Data citation in the humanities
What's the problem?
Berkeley, 22 August 2011
Introduction
Data citation in the humanities ...
Say what?
Overview
- Background
- Current state of play
- Current scientific* issues
* For some notion of “science”.
When did humanists start using data?
1948 Roberto Busa begins Index Thomisticus
1950s, 1960s many individual texts
1961-63 (... 1967) Brown Corpus of American English
1966 Computers and the Humanities begins publication
1973 Association for Literary and Linguistic Computing
1978 Lancaster-Oslo-Bergen Corpus of British English
1978 Association for Computers and the Humanities
1985 Thesaurus Linguae Graecae first CD-ROM
1988 Text Encoding Initiative (TEI) begins
1994 TEI Guidelines (TEI P3)
What kind of data?
Humanities disciplines seek better understanding of human culture.
So ... pretty much anything.
- digitized editions of major works
- transcriptions of manuscripts ...
- thematic collections (author, period, genre, ...)
- language corpora (balanced or opportunistic; monolingual or multilingual [parallel structure or parallel-text translation equivalents])
- images of artworks (Rossetti, Blake, DeYoung Museum ImageBase, ...)
- images of artifacts (mss, printed books, ephemera)

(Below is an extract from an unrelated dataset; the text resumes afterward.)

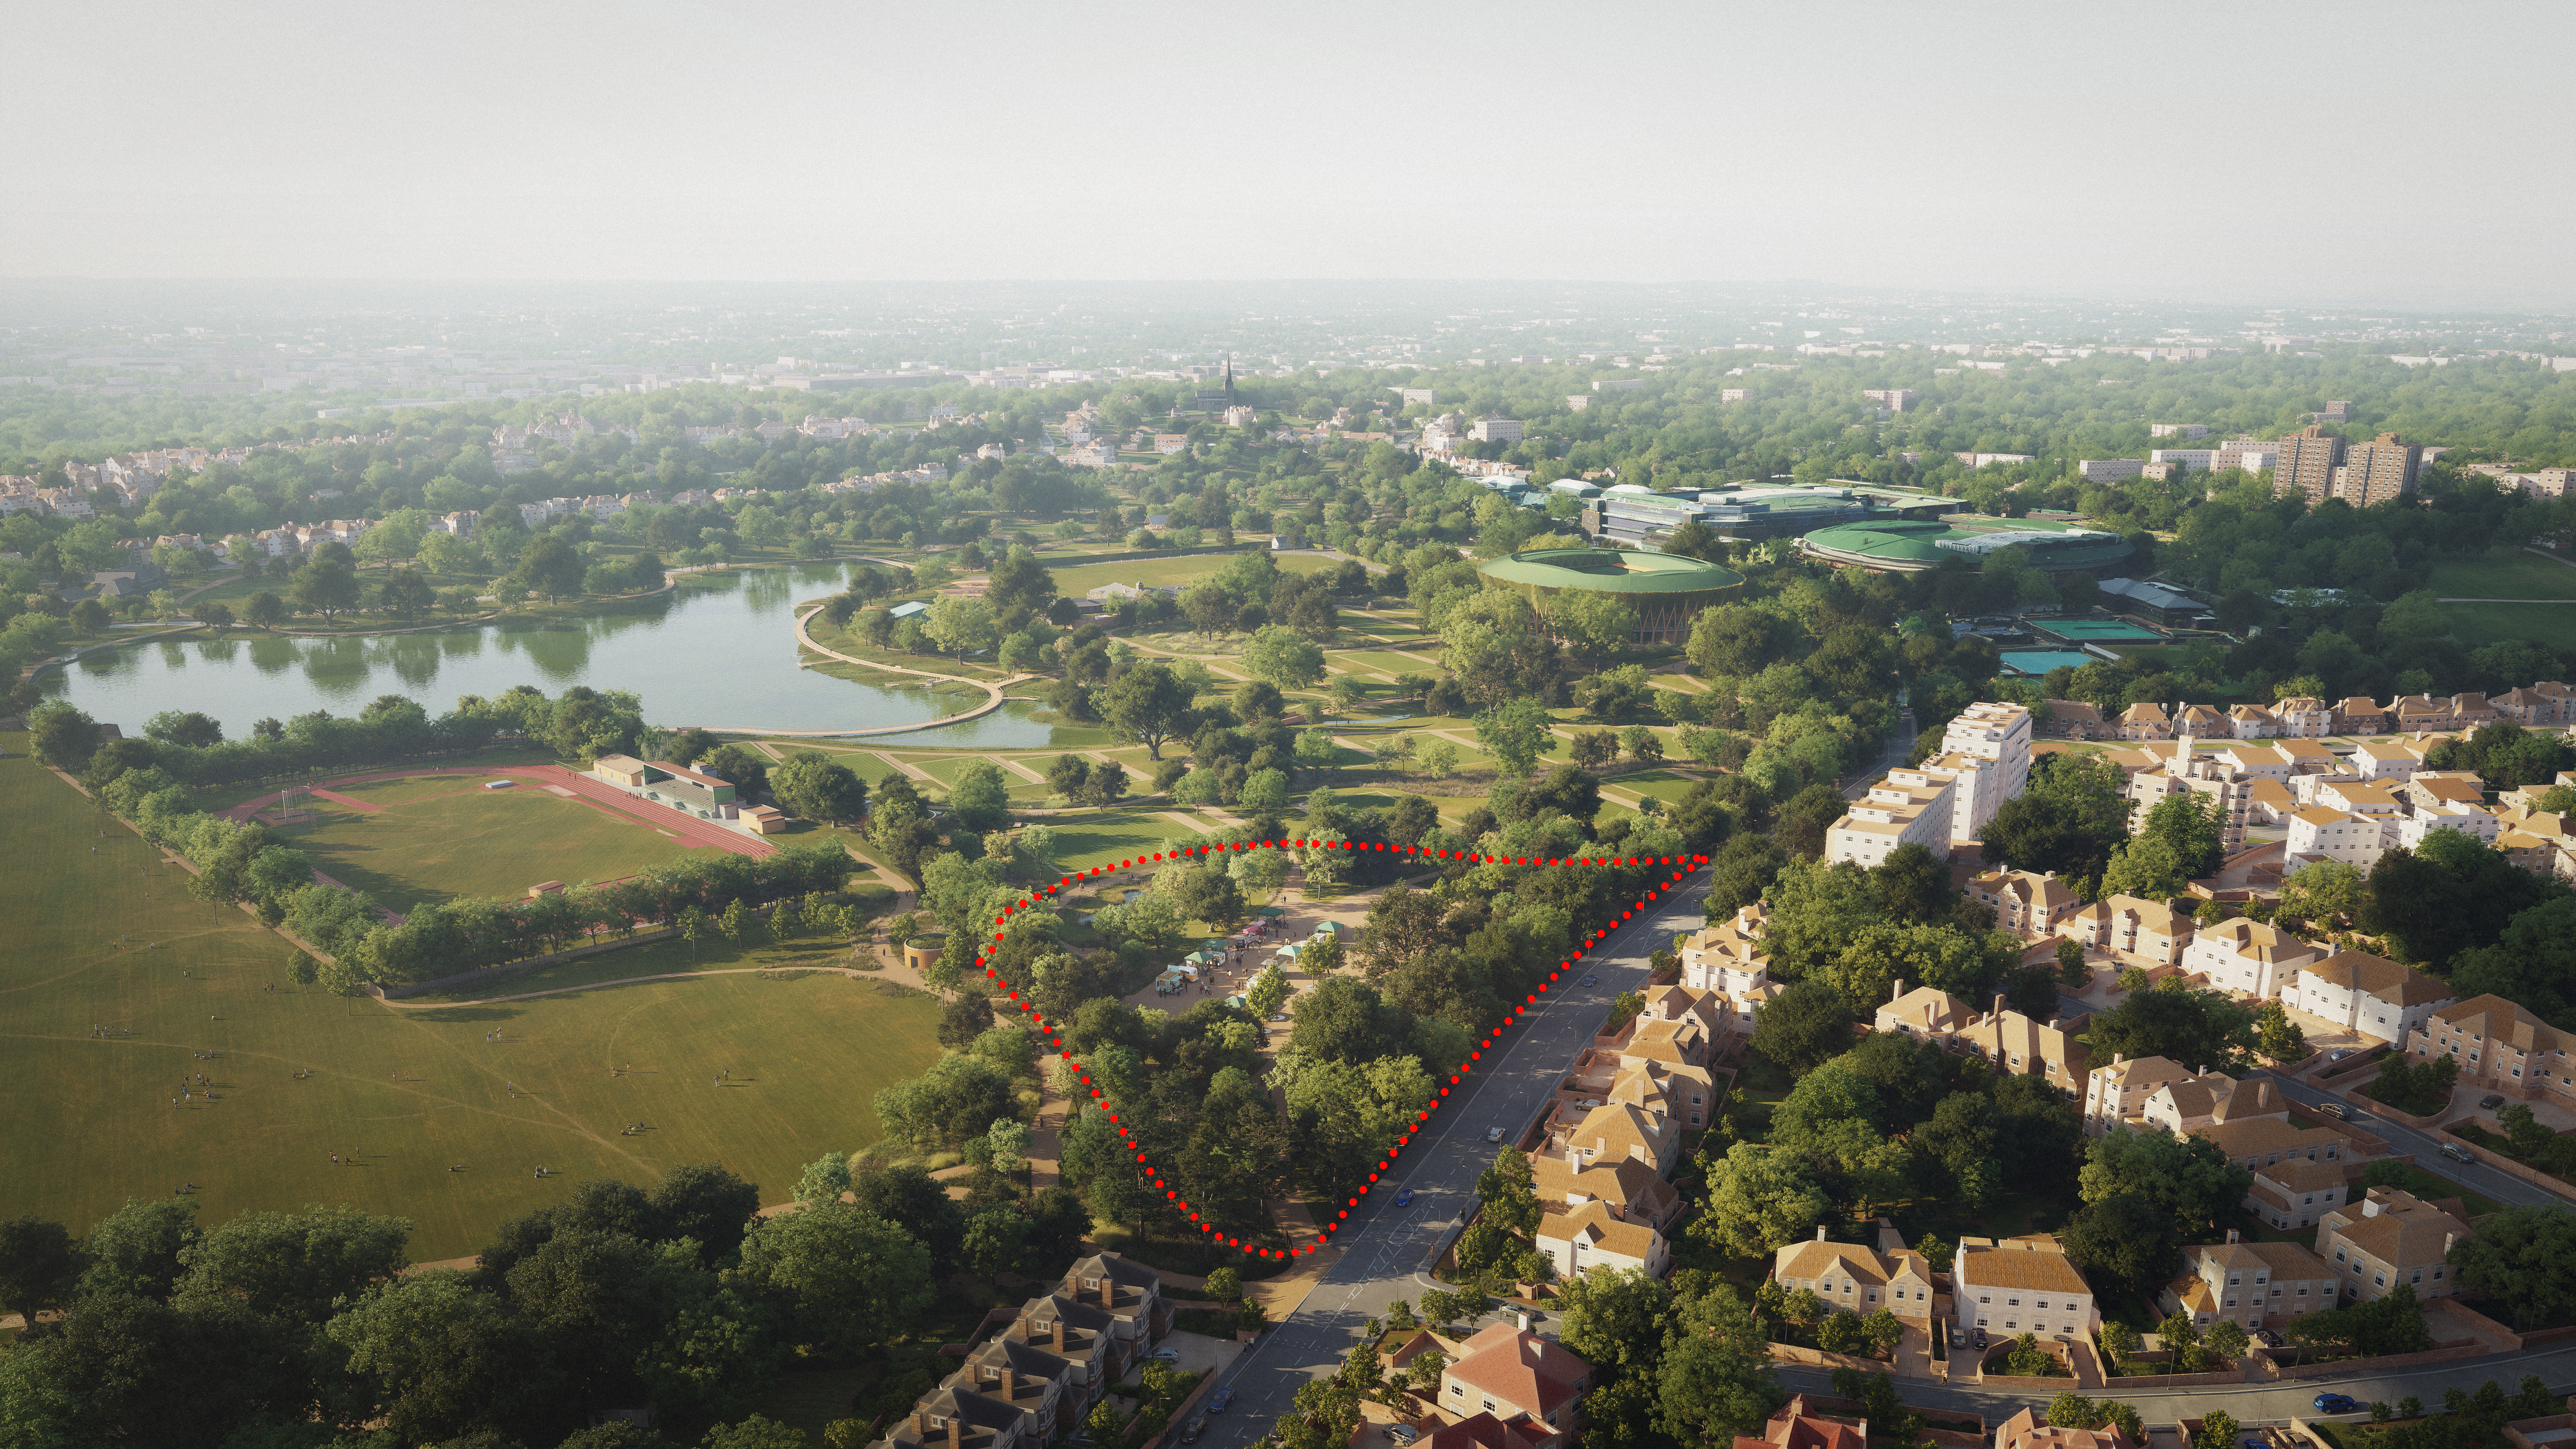 An image showing the new proposed parkland

- maps (historical, modern, ...)
Nowadays often multi-medial (scans plus transcriptions).
More data
Humanities disciplines seek better understanding of human culture.

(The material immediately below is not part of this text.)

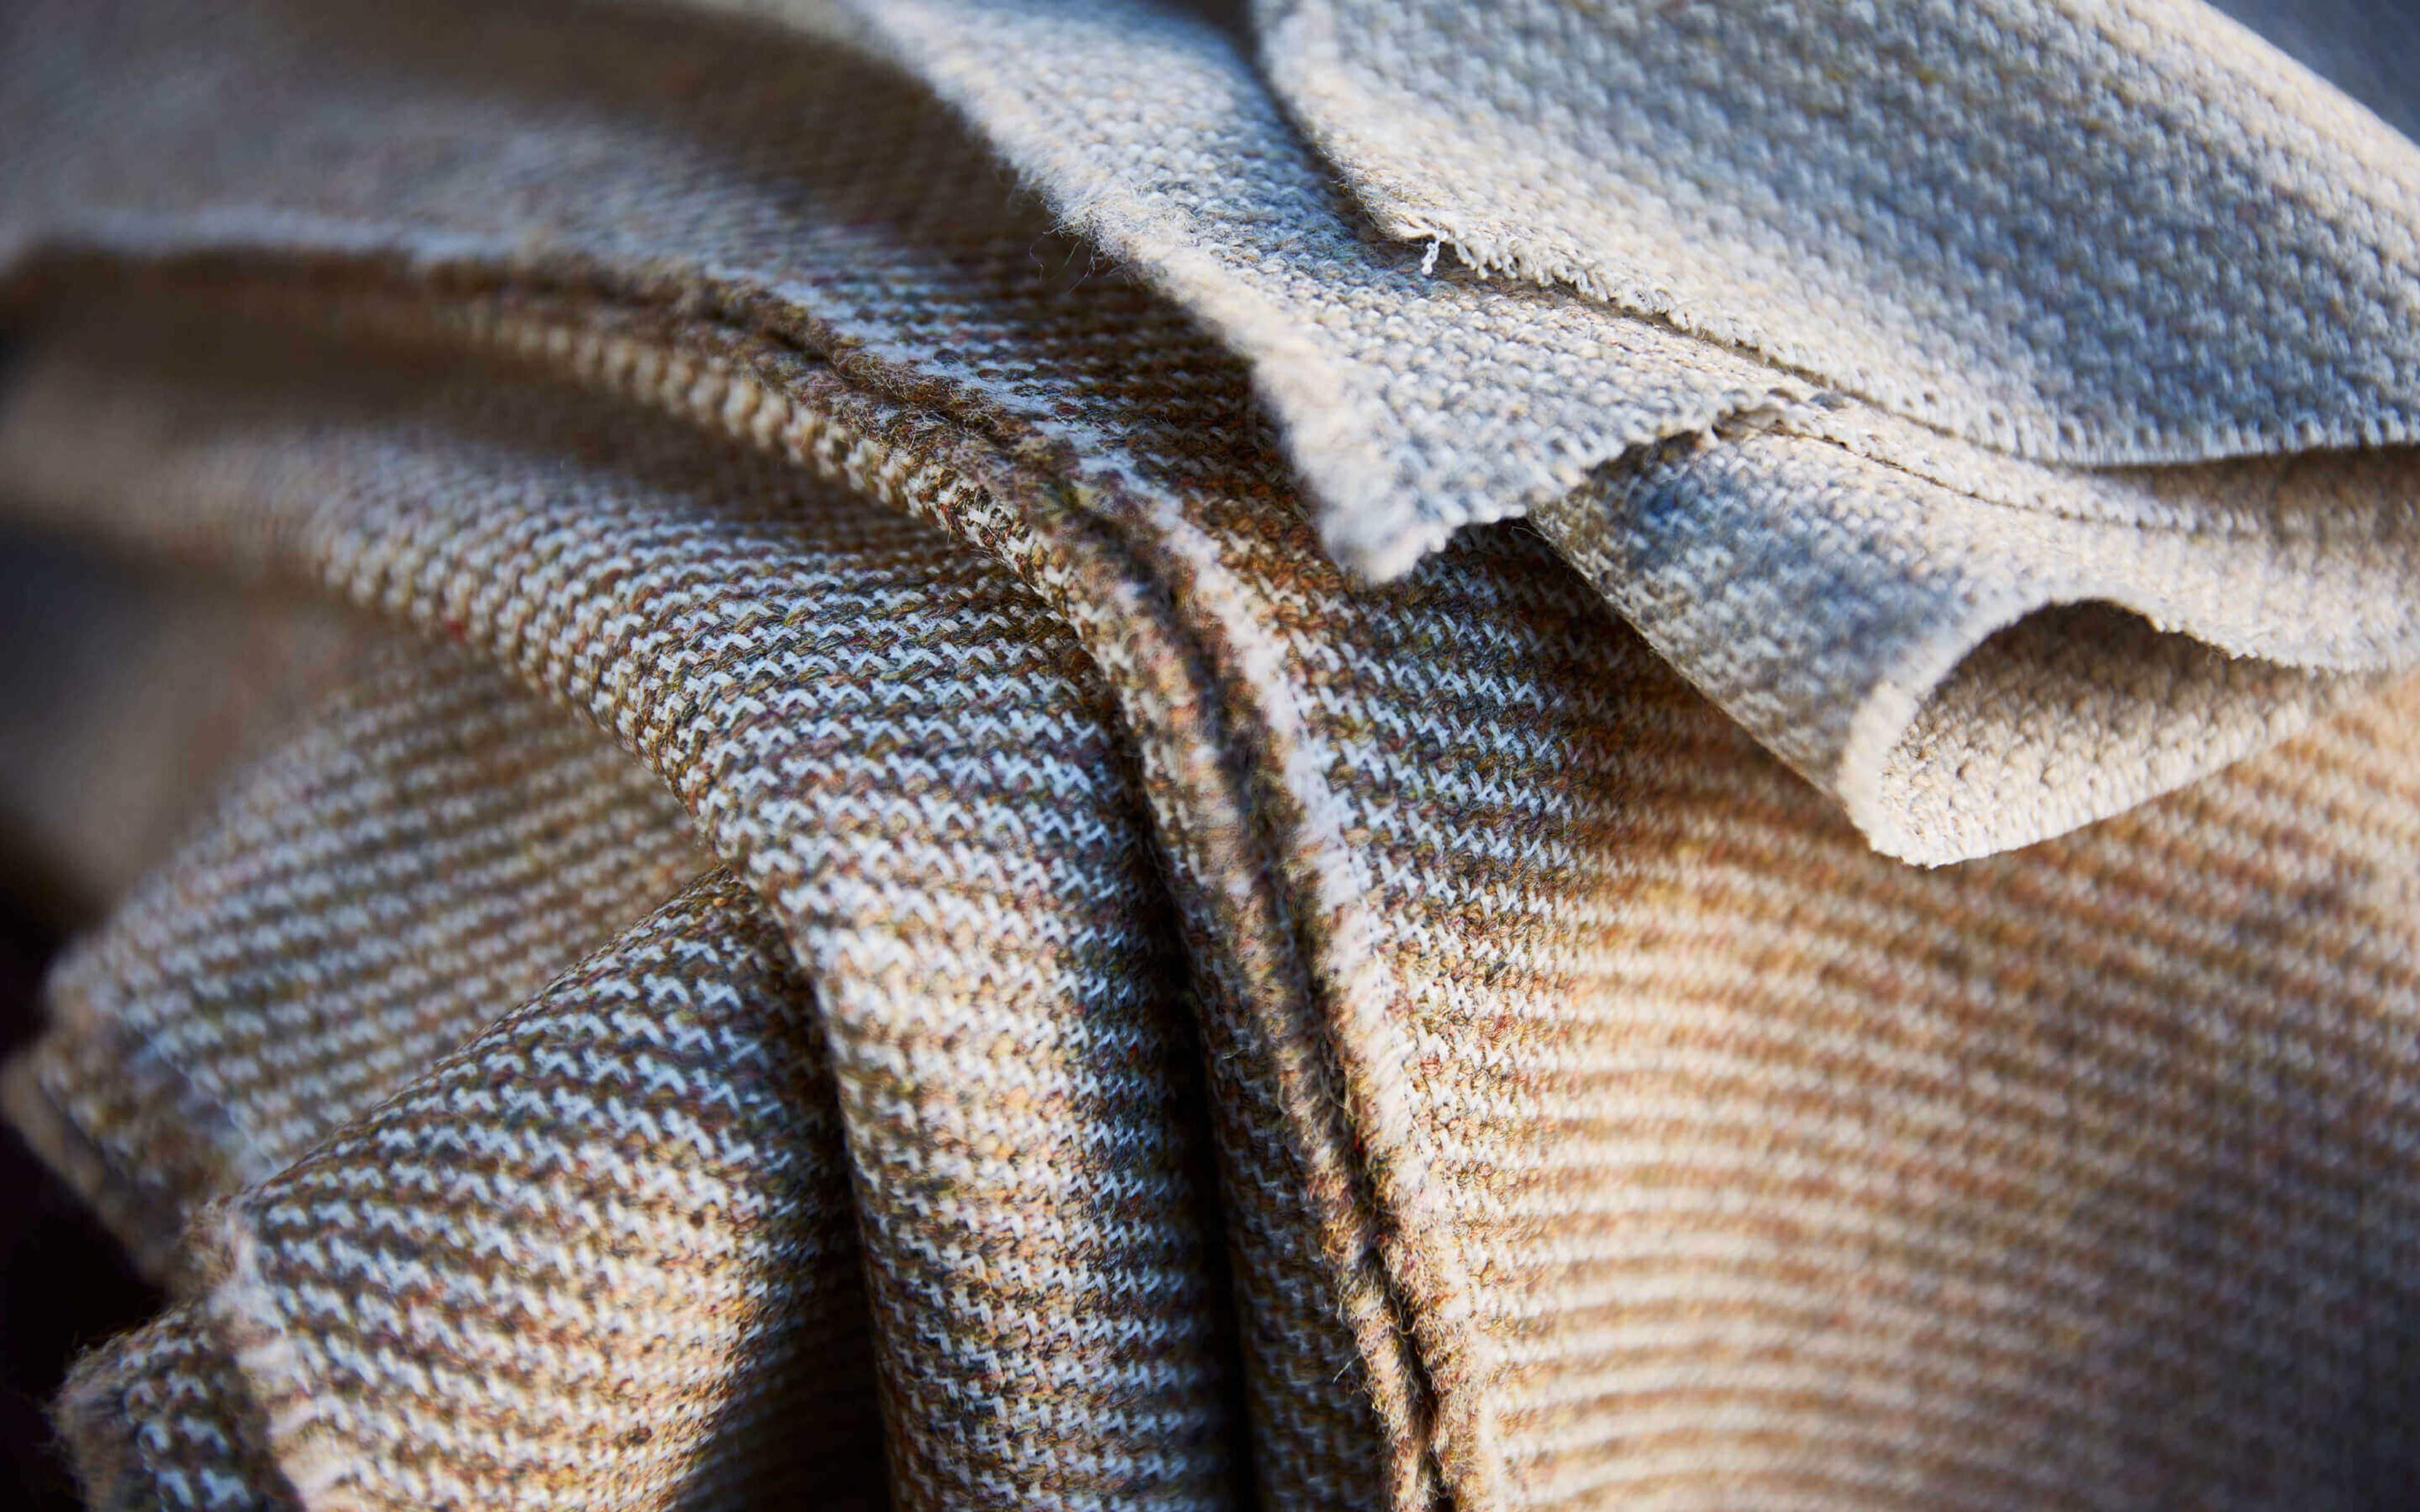 Revolutionary by Camira, a recycled wool fabric

So ... also modern digital artifacts.
- digital artwork (hypertexts, games, interactive ... things)
- databases
- digital records of any kind
There is NO human artifact which is a priori unsuitable as an object of historical or culture-critical study.
(Cf. proof that all numbers are interesting.)

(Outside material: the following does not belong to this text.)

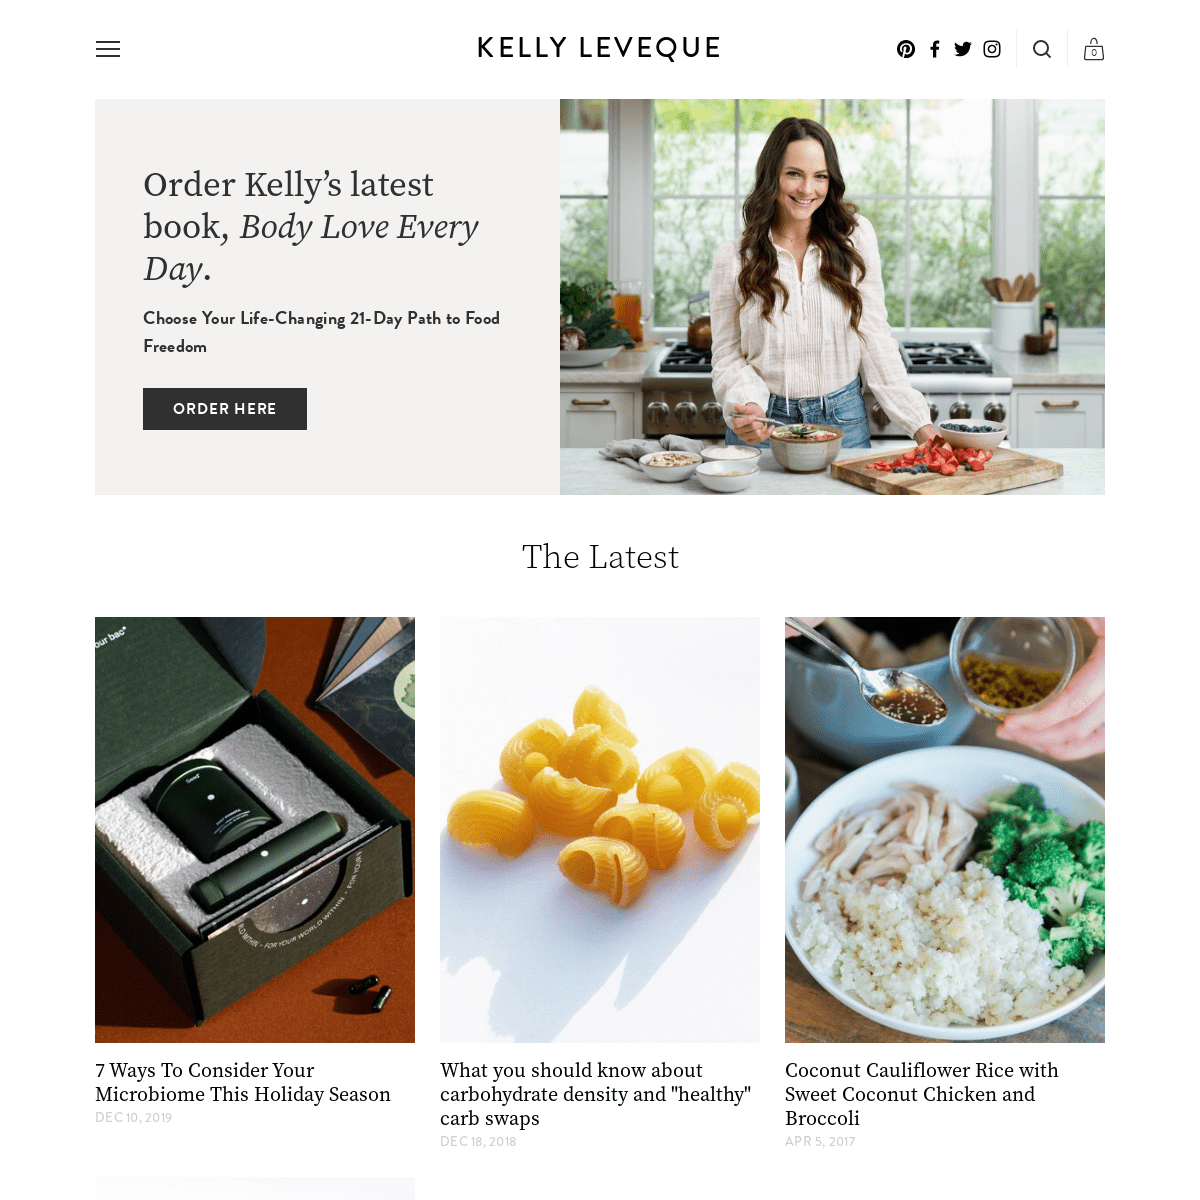 A complete backup of bewellbykelly.com

Is anyone taking care of this stuff?
Publishers?
Individual projects?
-
Project Libri (est. 1973?)
-
Oxford Text Archive (est. 1976)
-
Many library electronic text centers
-
Digital repositories (in theory)
No network analogous to social-science data archives.
(Ask about AHDS.)
Current state of play
-
The TEI Guidelines (1994) require internal metadata for the electronic object, not just the exemplar.
So in theory the idea is established, and people should know what to cite.
In theory.
-
Most citation styles support IRIs.
Or at least URIs. Or rather, URLs.
Is that enough?
In practice
In a random sample of papers, several patterns:
- published resources, explicitly cited in the references*
- published, explicit*, cited metonymically*
- collective but unpublished, explicit*, uncited*
- private (personal, ad hoc), unpublished, implicit, uncited
How do you cite it?
What is the work to be cited?
Corpus? Text? Archive?
Where's the metadata?
- What's the title? Who's intellectually responsible? How?
- Who's the publisher?
- Who, me? A publisher? No, I just scanned some books ... (cf. one-off microfilms)
- Publisher, distributor, repository, library, archive — roles in managing information? Or managing paper?
- When was publication?
- Does location matter on the net? Does it exist?
- Digital incunabula? Or back to scribal tradition?
The turnkey dream
Many (producers, consumers) want turn-key tools, not kits.
Often leads to tight coupling (technical, psychological) among
- data resource
- user interface
- software
(Exception: Perseus Digital Library.)
Copyright fear
Dare I make this resource public?
I think you will still find plenty of people saying “we ran a stylometric analysis on a corpus which has these properties, but we can't let you see the actual corpus because we didnt get copyright/we are shysters”
Anti-scientism
Citing data resources may seem foreign.
My response … is to wonder about whether citation of data is practical or helpful, when so much happens between the data and the arguments produced from it. I wonder if there isn't some positivistic scientism hidden in the question, something
along the lines of the doctrine of reproducibility.
Citation chains
Print has well established conventions for republication and citation of earlier publications.
Not so digital resources.
But refinements, revisions, elaborations, subsets, derivations, annotations, etc.
Versioning
Large humanities projects typically make multiple passes over material.
In future, will early results be published?
(Pressure from Web culture and funders.)
So multiple versions from same source? Two problems:
- metadata (labeling version and its nature)
- quanta of change (reifying versions — psychological not technical)
Quiddity
Large humanities projects typically make multiple passes over material.
- reading text
- text-critical variorum text
- text with literary annotations
- linguistic annotations (glosses for cruxes? parse trees? ...)
- formalization of propositional content
- ...
Which of these is this thing I'm publishing?
Which of these is this thing I'm citing?